## [Information]
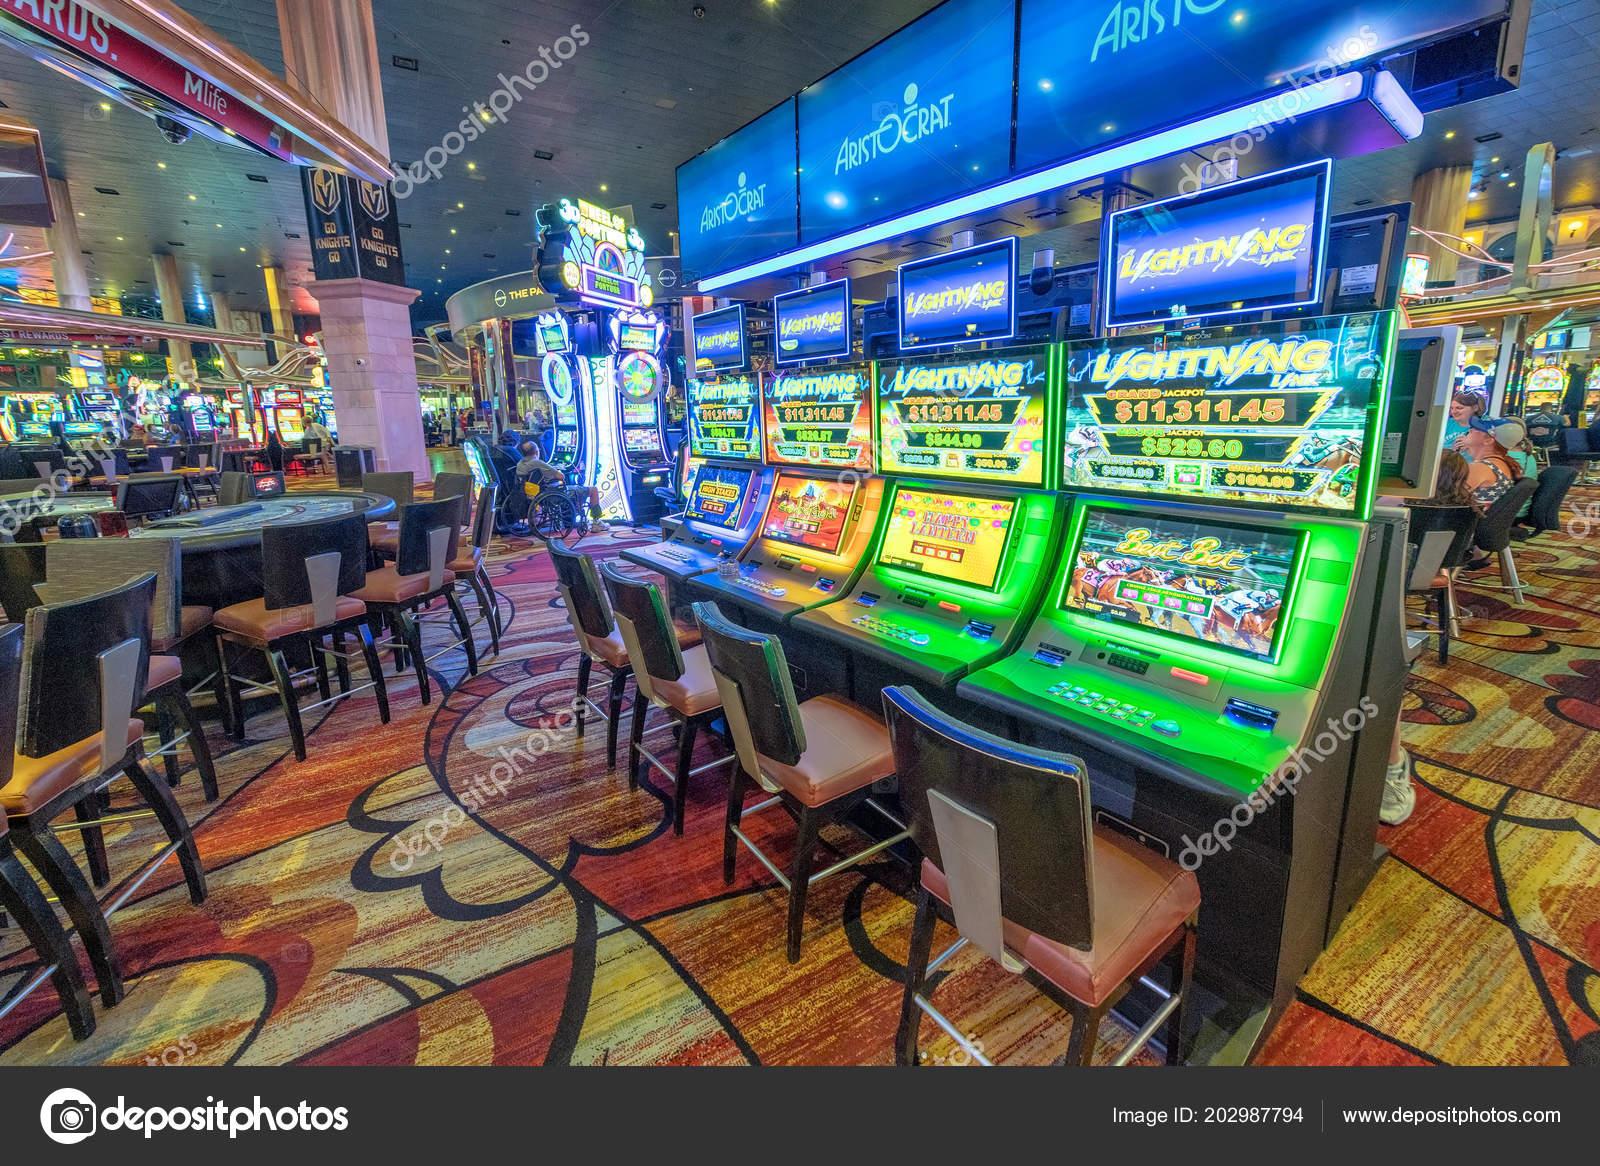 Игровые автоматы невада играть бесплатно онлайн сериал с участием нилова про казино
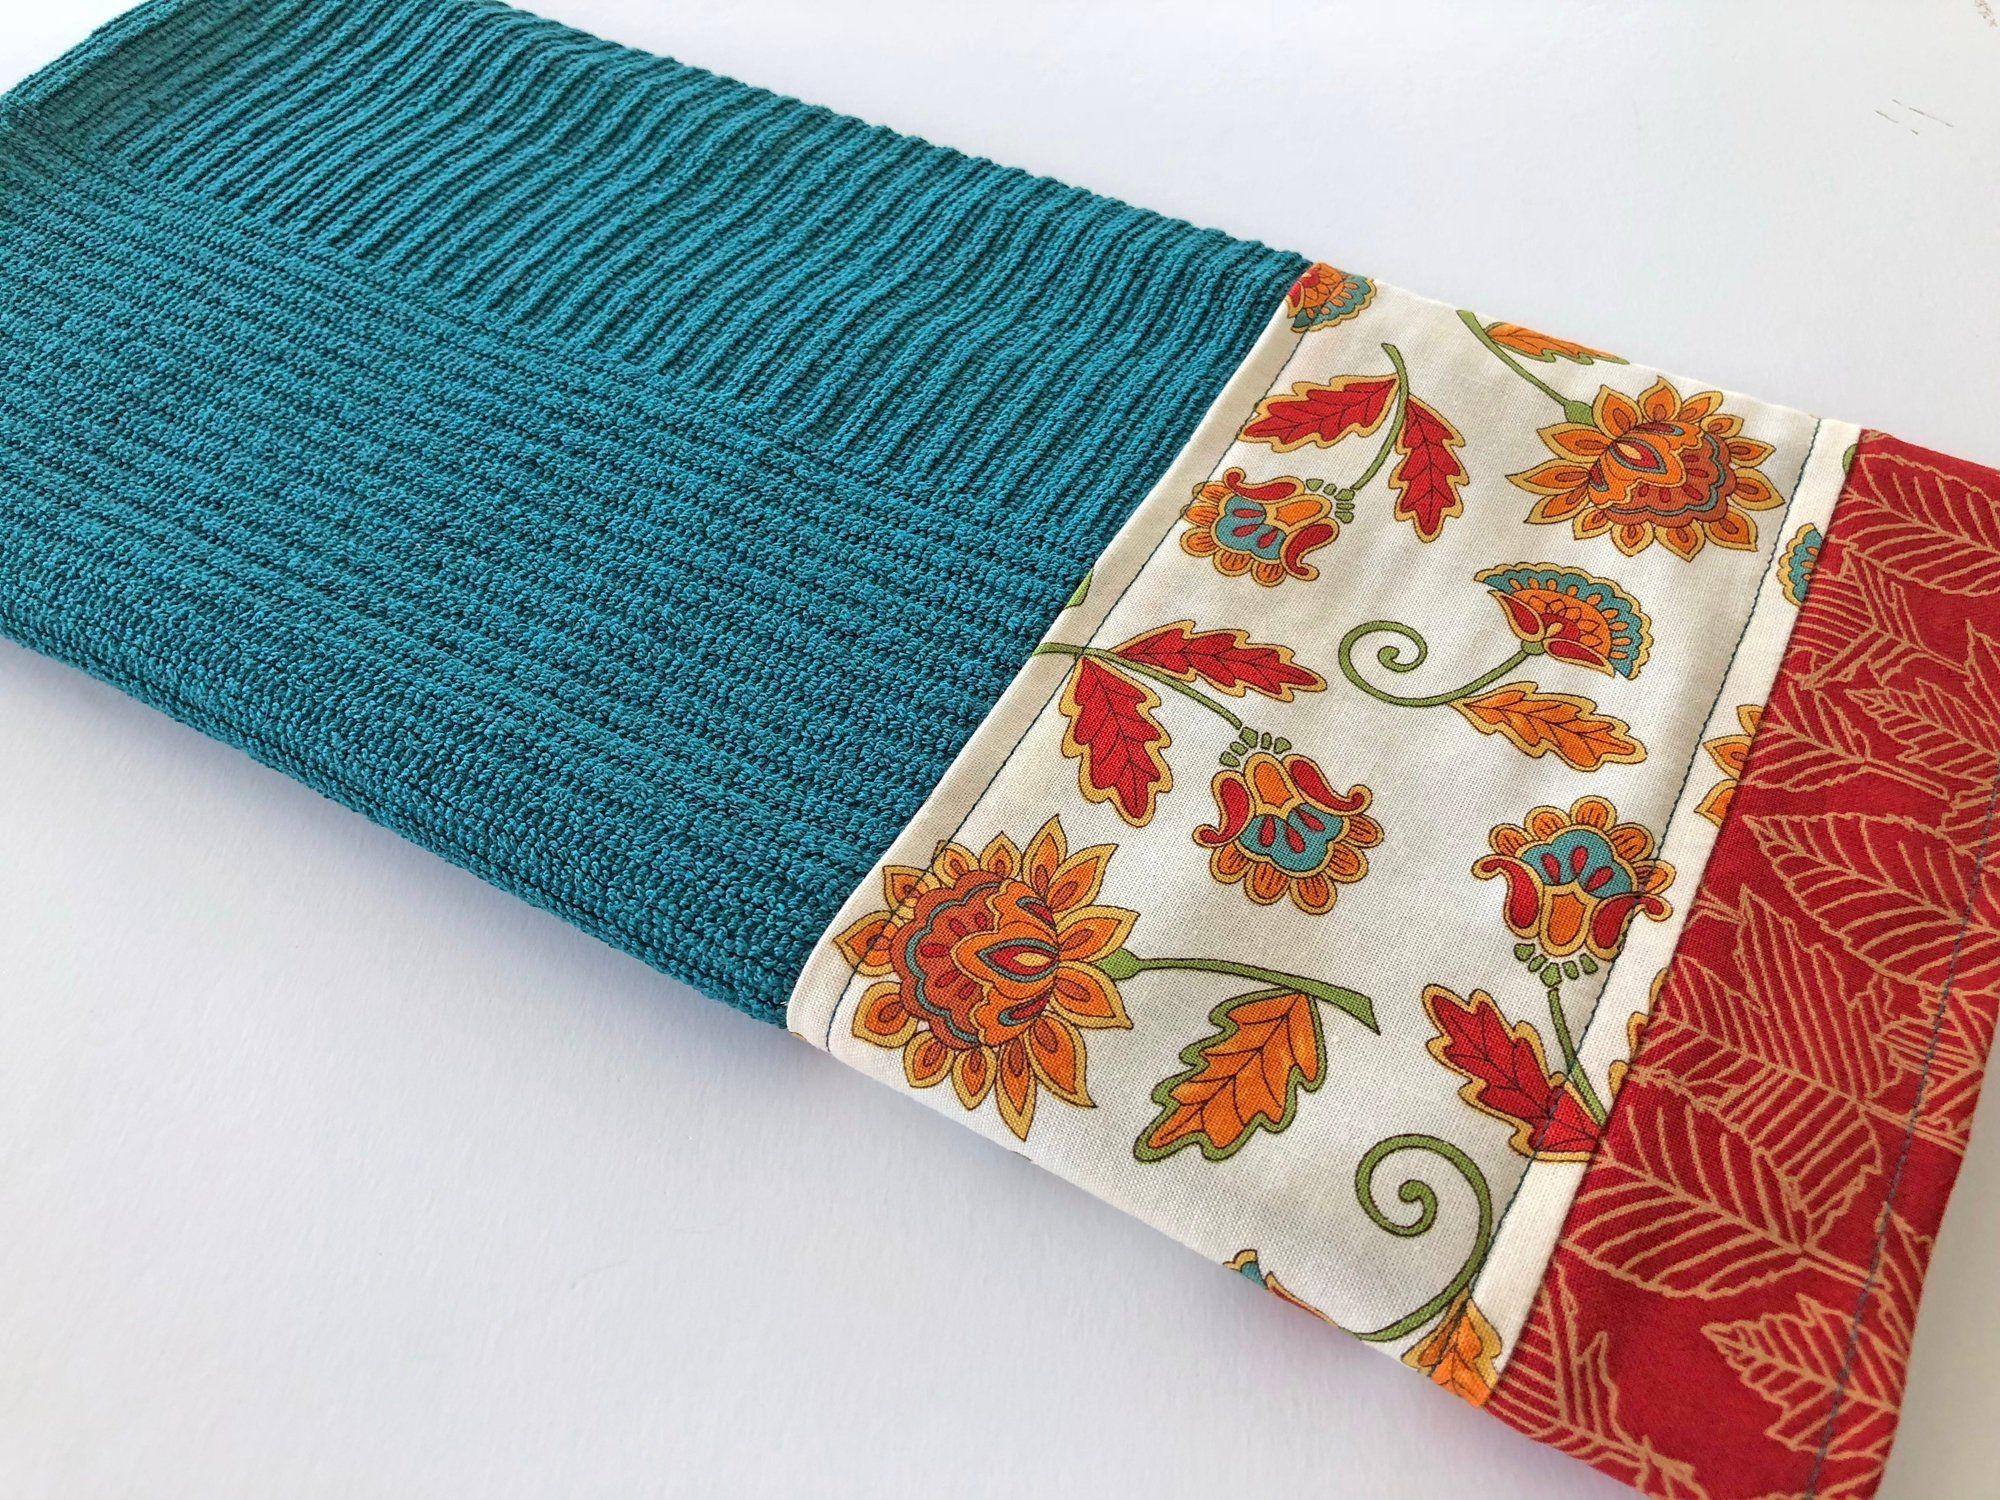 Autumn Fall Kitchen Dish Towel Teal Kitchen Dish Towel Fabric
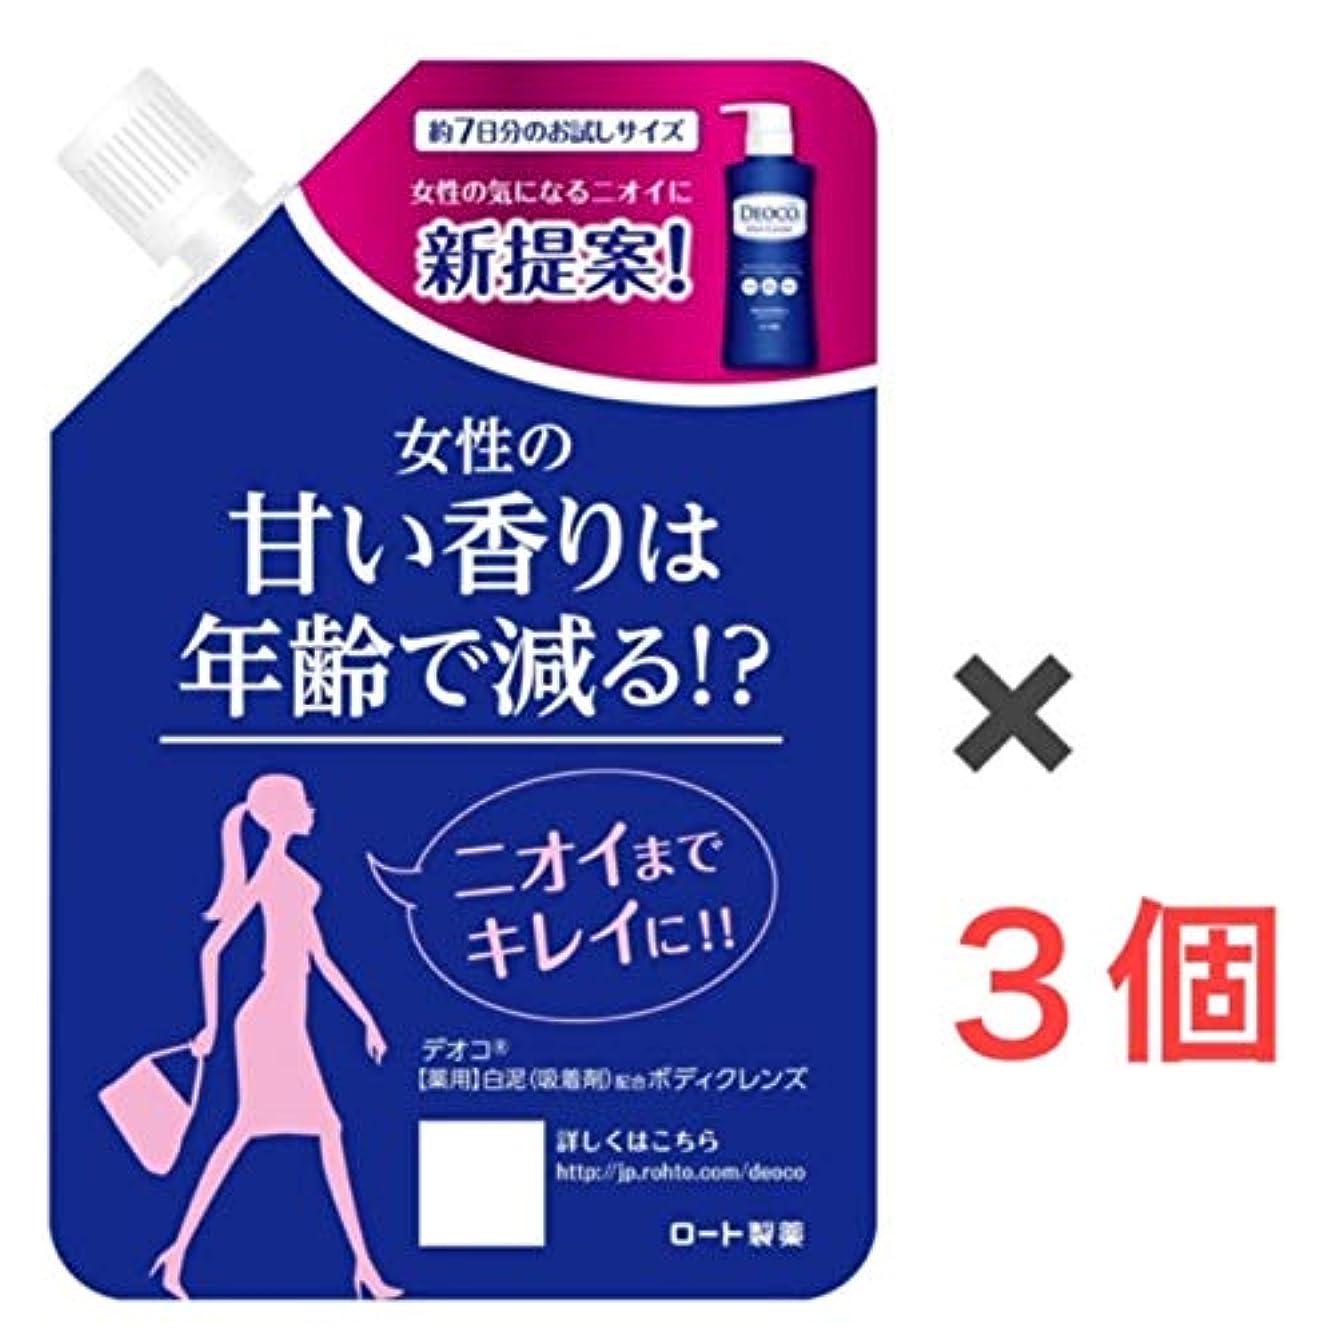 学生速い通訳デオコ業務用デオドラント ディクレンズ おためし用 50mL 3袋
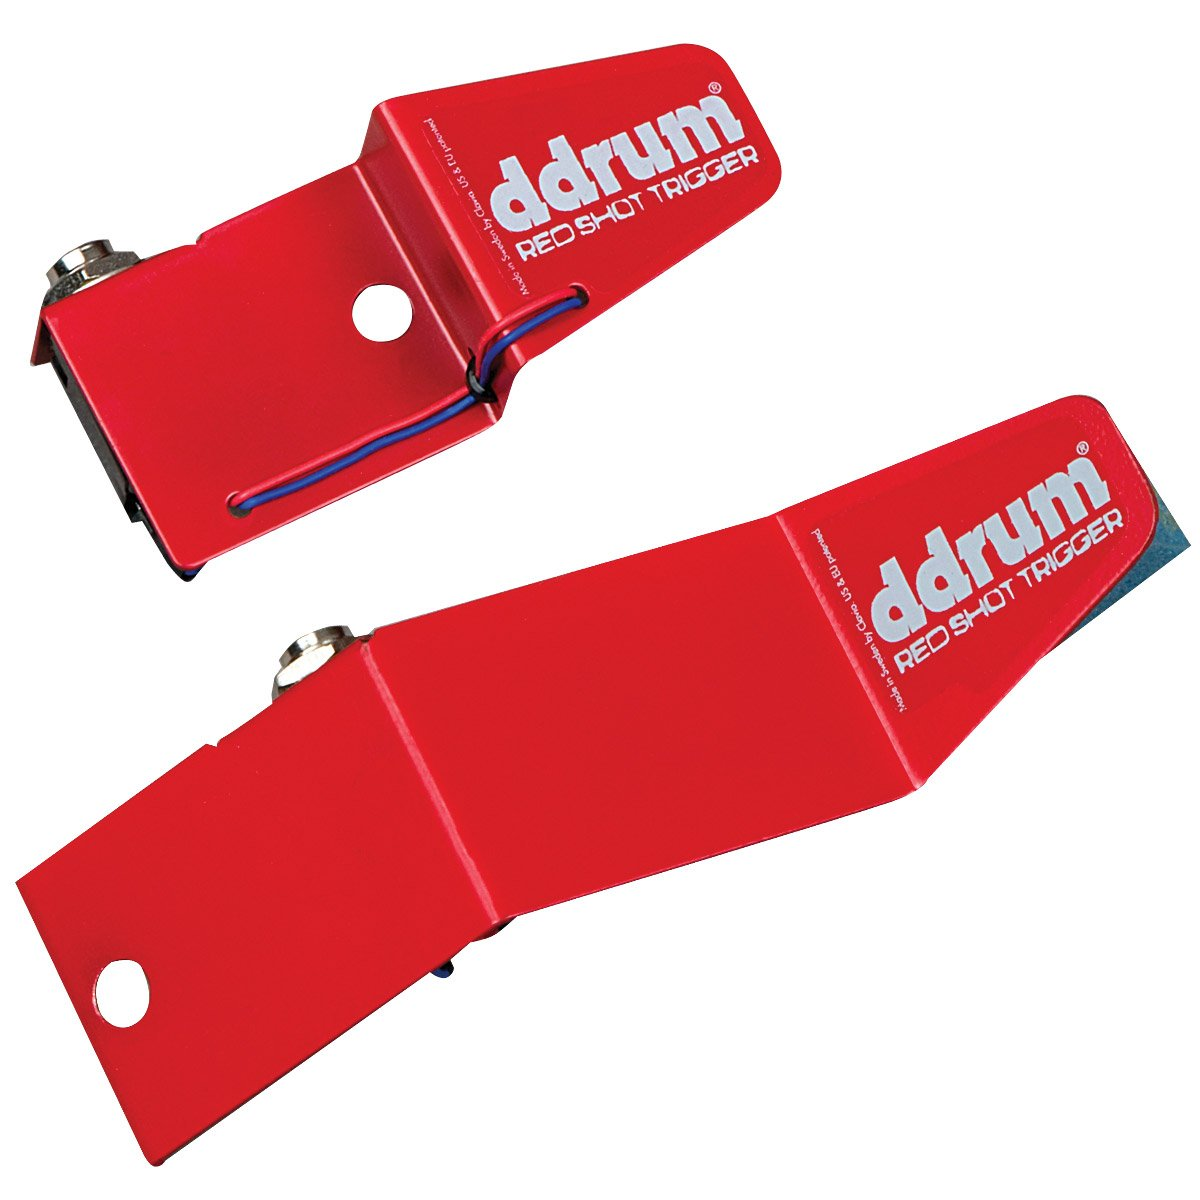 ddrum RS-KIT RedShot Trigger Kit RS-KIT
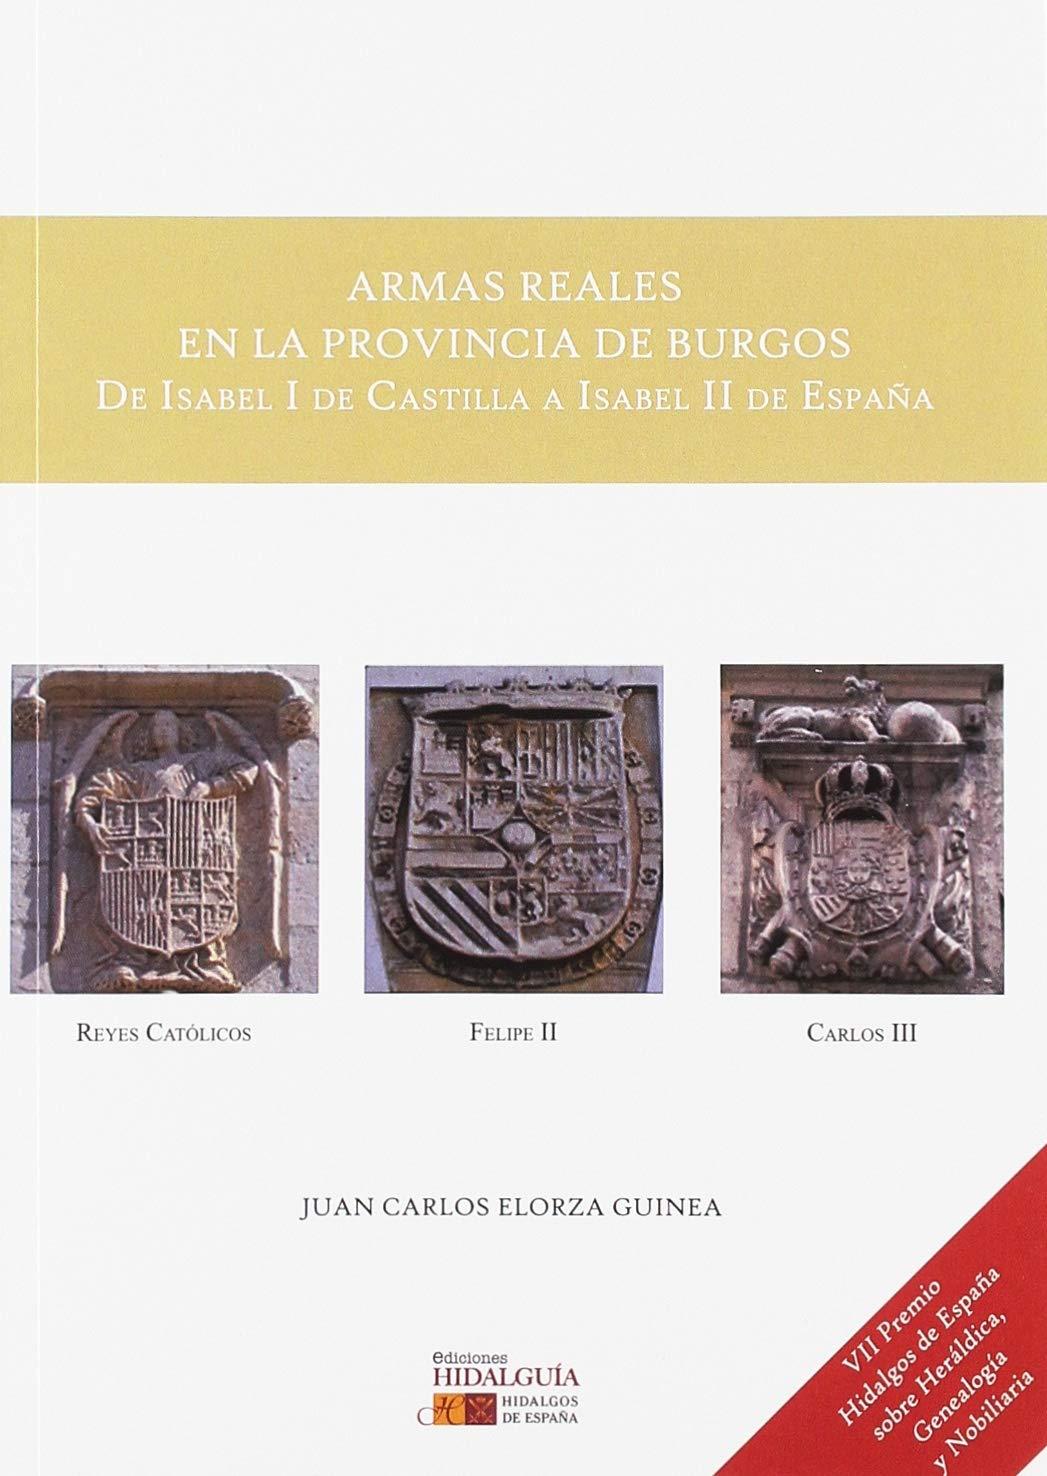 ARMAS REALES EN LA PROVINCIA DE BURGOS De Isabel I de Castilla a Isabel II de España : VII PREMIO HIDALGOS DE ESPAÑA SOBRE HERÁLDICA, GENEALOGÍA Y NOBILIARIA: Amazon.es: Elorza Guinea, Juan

## [Work order]
Write out every record above exactly, leaving no picture in the result.

## [Solution to this problem]
 Игровые автоматы невада играть бесплатно онлайн сериал с участием нилова про казино
 Autumn Fall Kitchen Dish Towel Teal Kitchen Dish Towel Fabric
 学生速い通訳デオコ業務用デオドラント ディクレンズ おためし用 50mL 3袋
 ddrum RS-KIT RedShot Trigger Kit RS-KIT
 ARMAS REALES EN LA PROVINCIA DE BURGOS De Isabel I de Castilla a Isabel II de España : VII PREMIO HIDALGOS DE ESPAÑA SOBRE HERÁLDICA, GENEALOGÍA Y NOBILIARIA: Amazon.es: Elorza Guinea, Juan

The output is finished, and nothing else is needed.